Other Customer Data Platform FAQs

What are the main benefits? 

A CDP gives you a persistent, unified view of your customer database. Let’s break that down: 

Persistent = your team doesn’t have to keep doing exports from your various platforms to match together pieces of the guest journey, or slices of the reporting you need. It all lives in one place so the data is collected for you, presented in a viewable format, analyzed to surface the metrics you need, made flexible to manipulate the reporting view as you’d like, and made actionable for your team to take action in real-time (i.e. trigger marketing campaigns, present to general managers, etc.). 

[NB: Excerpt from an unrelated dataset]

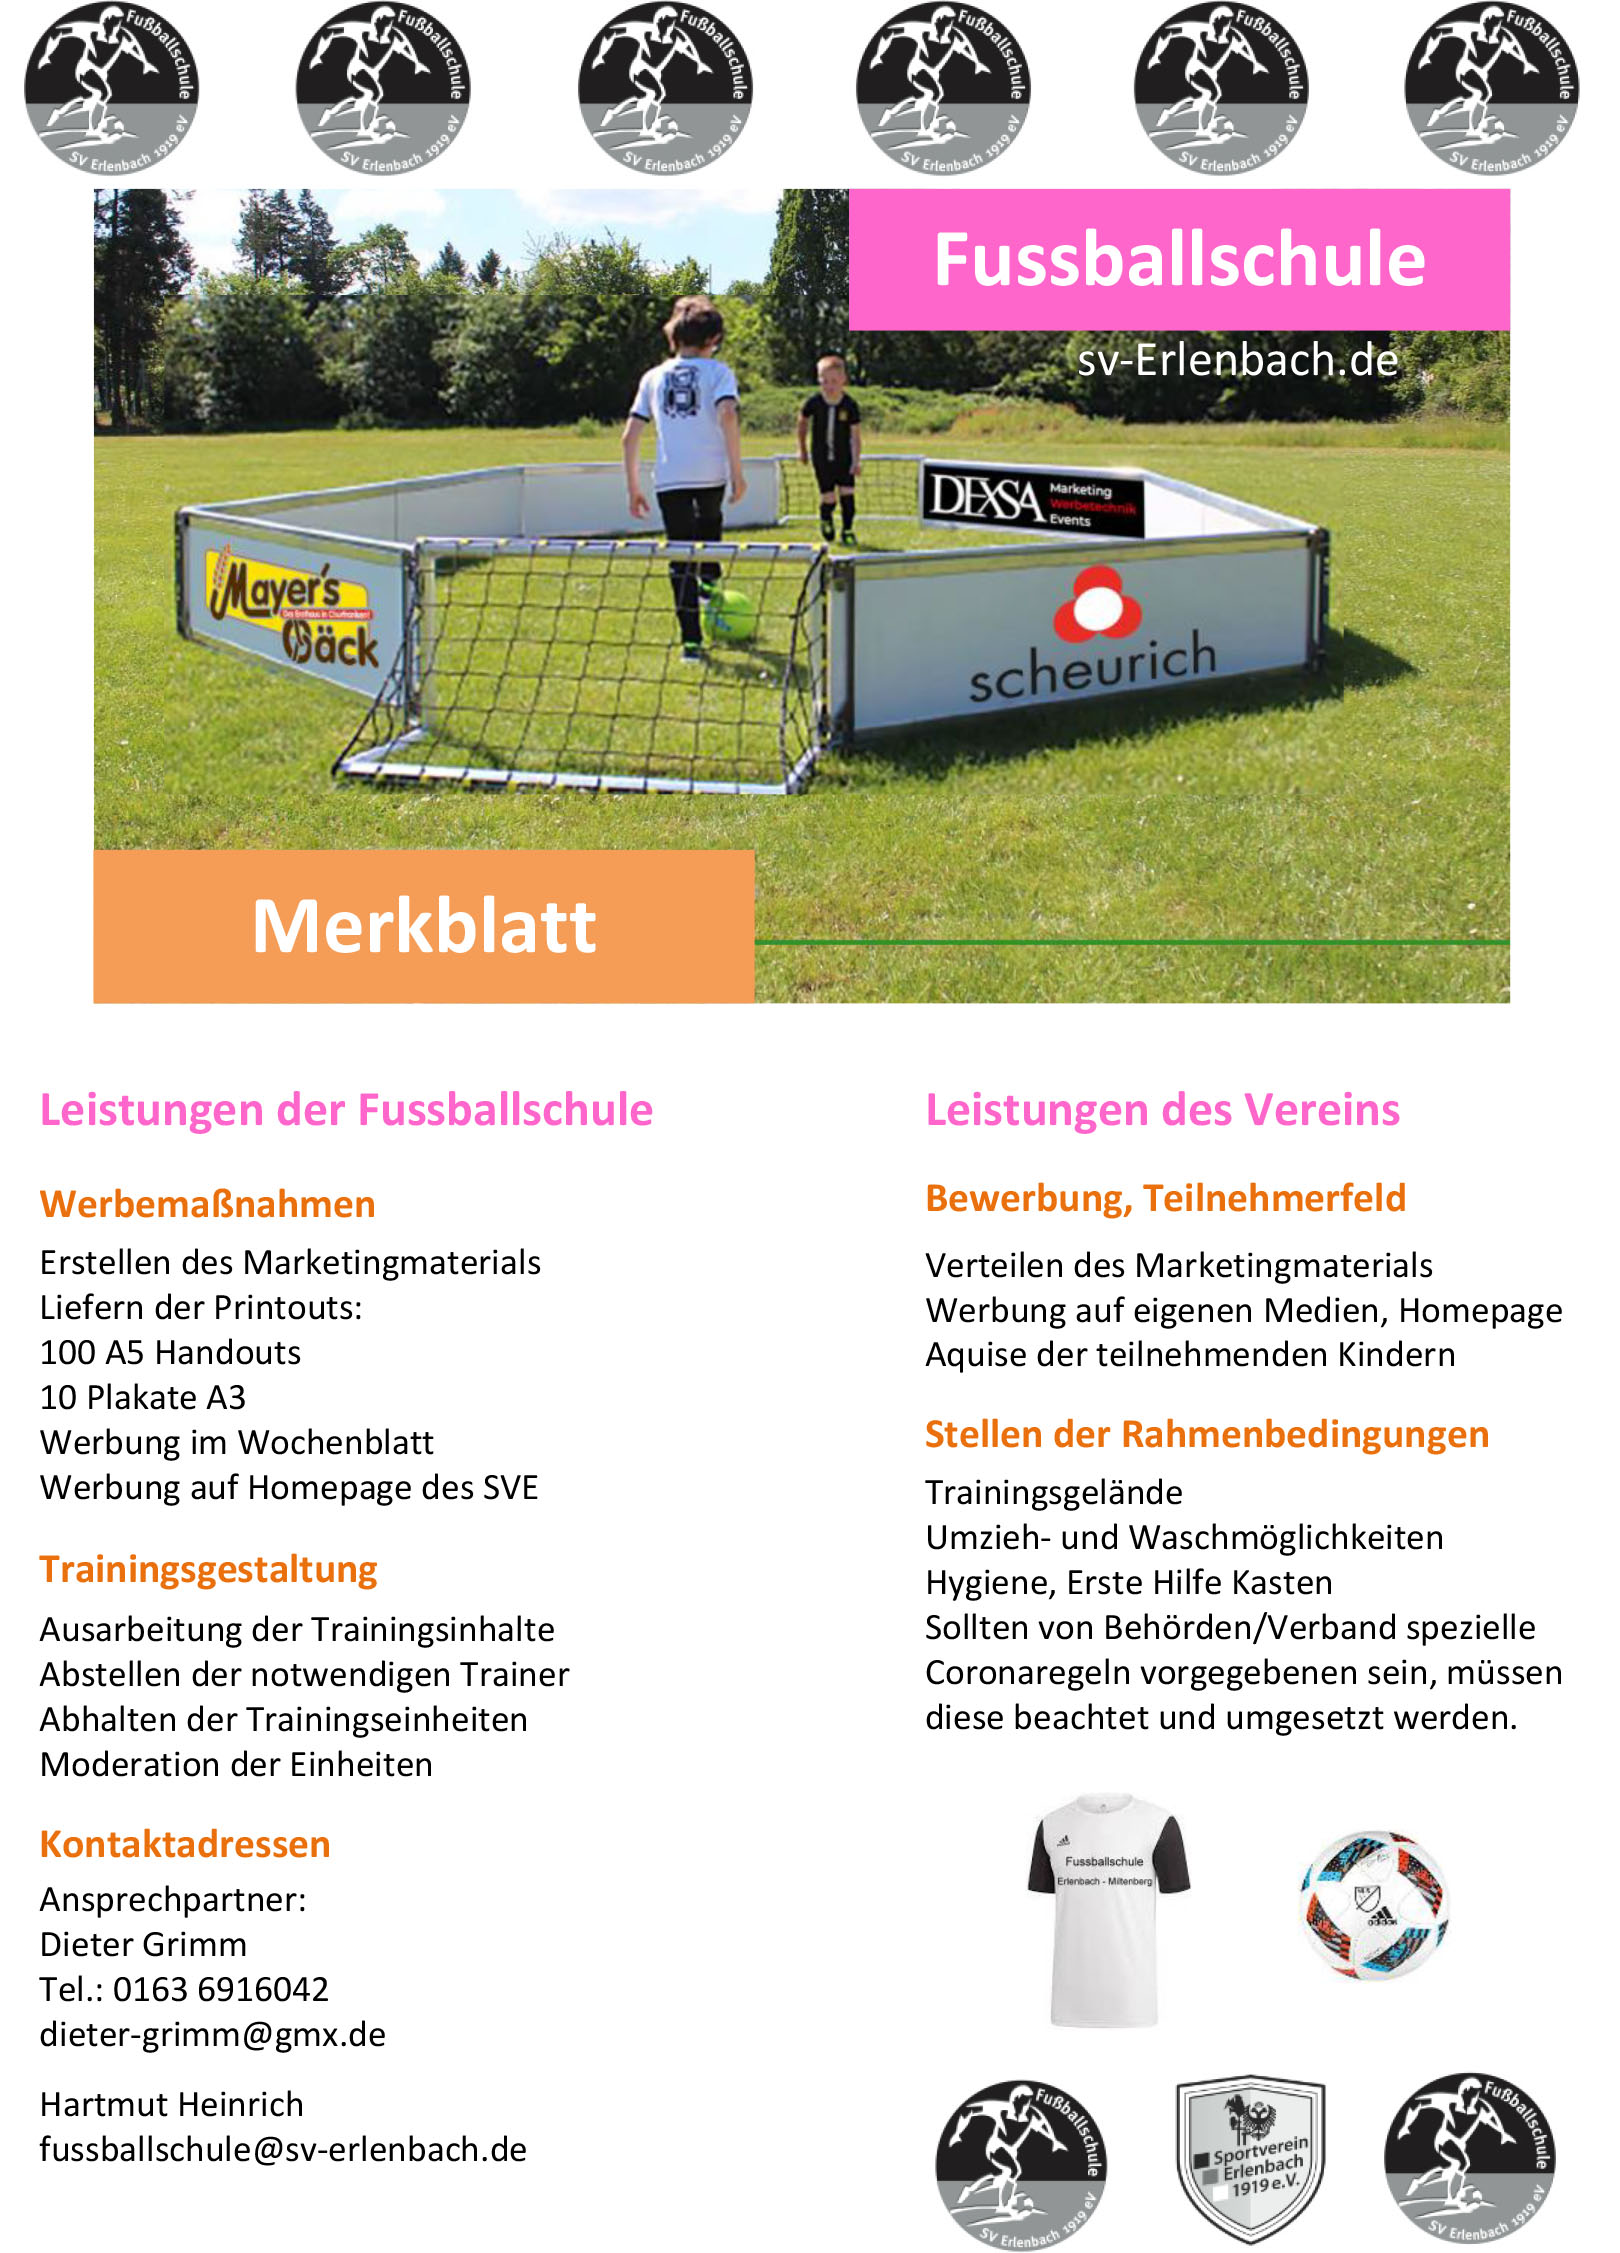 http://www.sv-erlenbach.de/wp-content/uploads/2021/08/Flyer_Fussballcamp_Sommer_2021_V1_Merkblatt.jpg
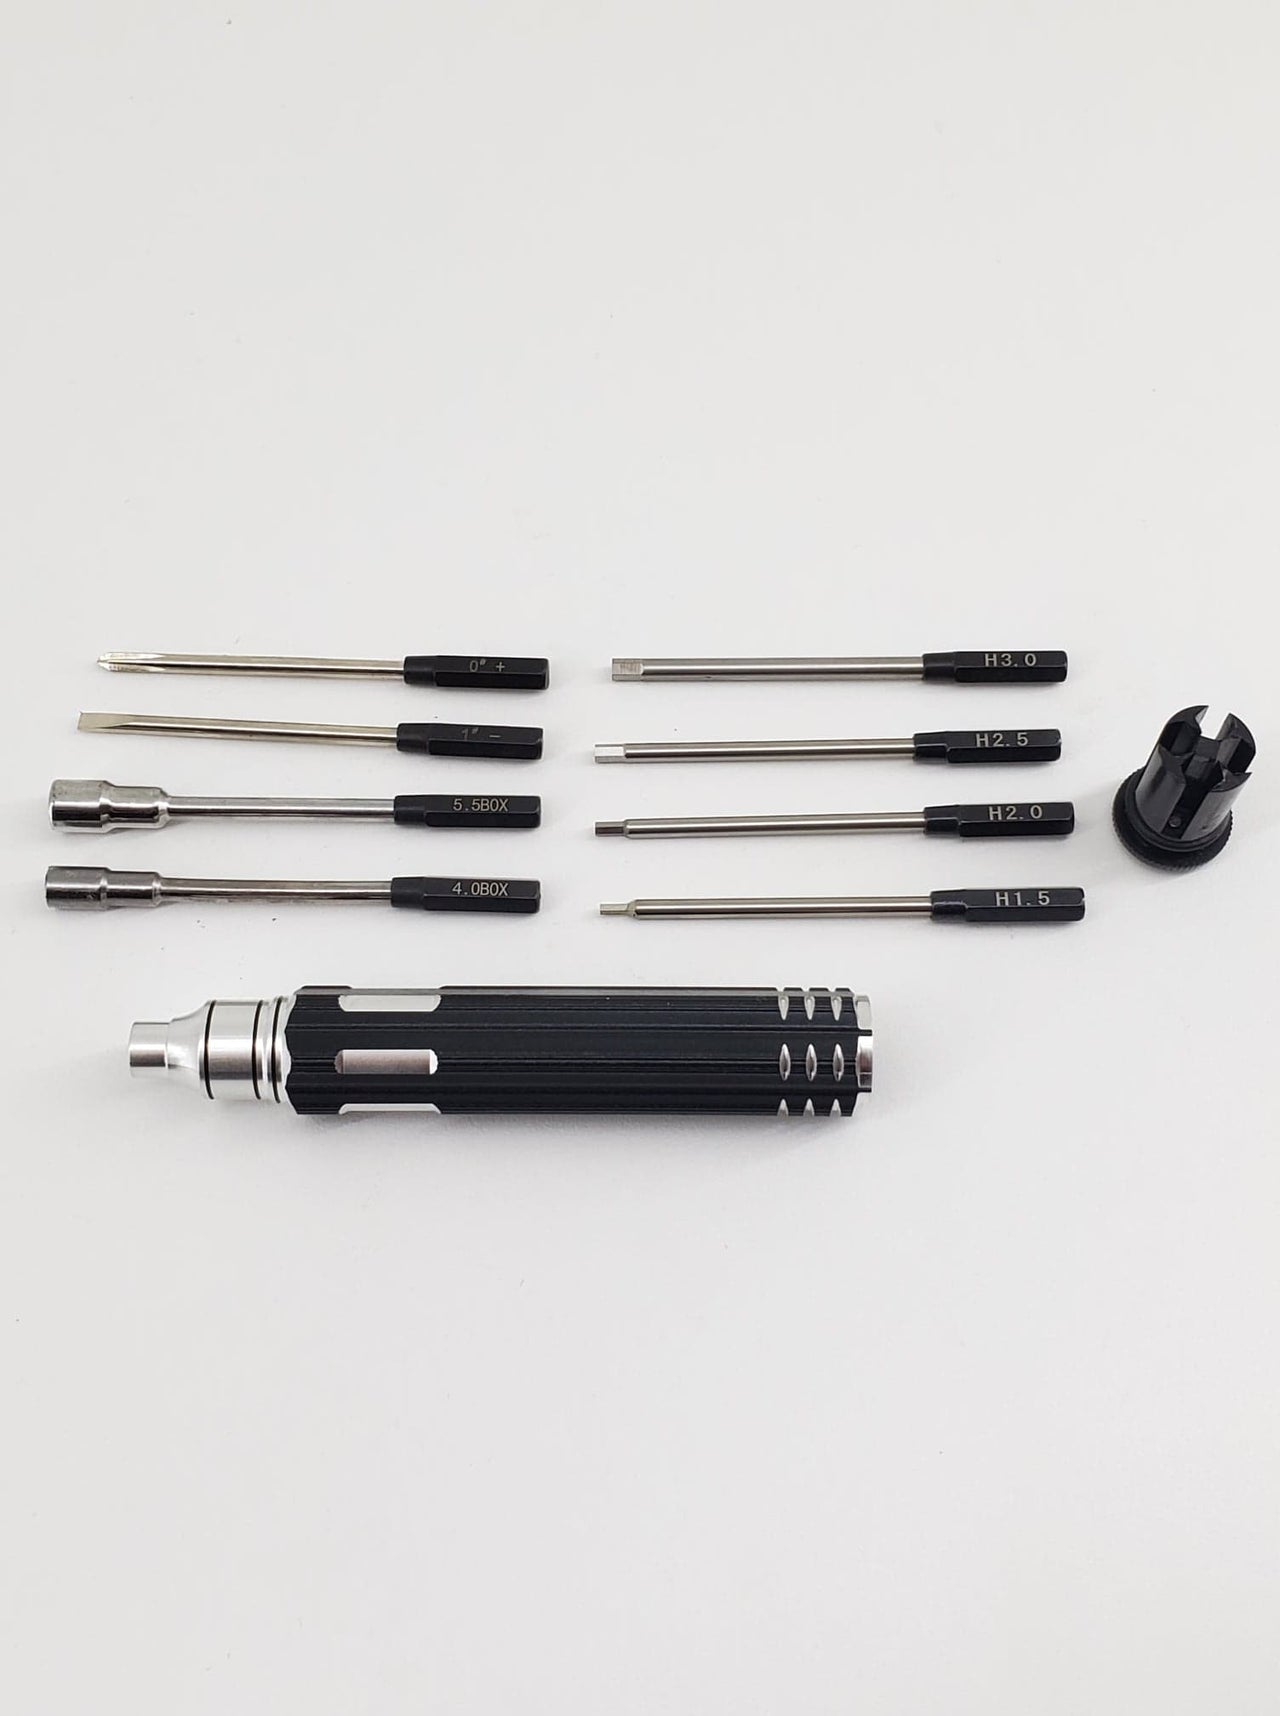 ZH-T-003 screwdrivers (8 in 1)

Unified = everything you need is one place, which means your team isn’t having to spend time going to different places to gather data. It’s a time-savings, a sanity-protector, and a budget-cutting benefit potentially by no longer requiring top-tier packages on all of your individual platforms to get the reporting you need. One system of record to access, analyze, and act on your data. 

How can Bikky connect my guest data?

Bikky is a CDP for restaurants. We break down silos across POS, online ordering, reservation, and loyalty platforms to give a 360° view of guests. Brands like Boqueria, Urbanspace, and Westville use deep insights in Bikky to personalize engagement and to 3x customer lifetime value.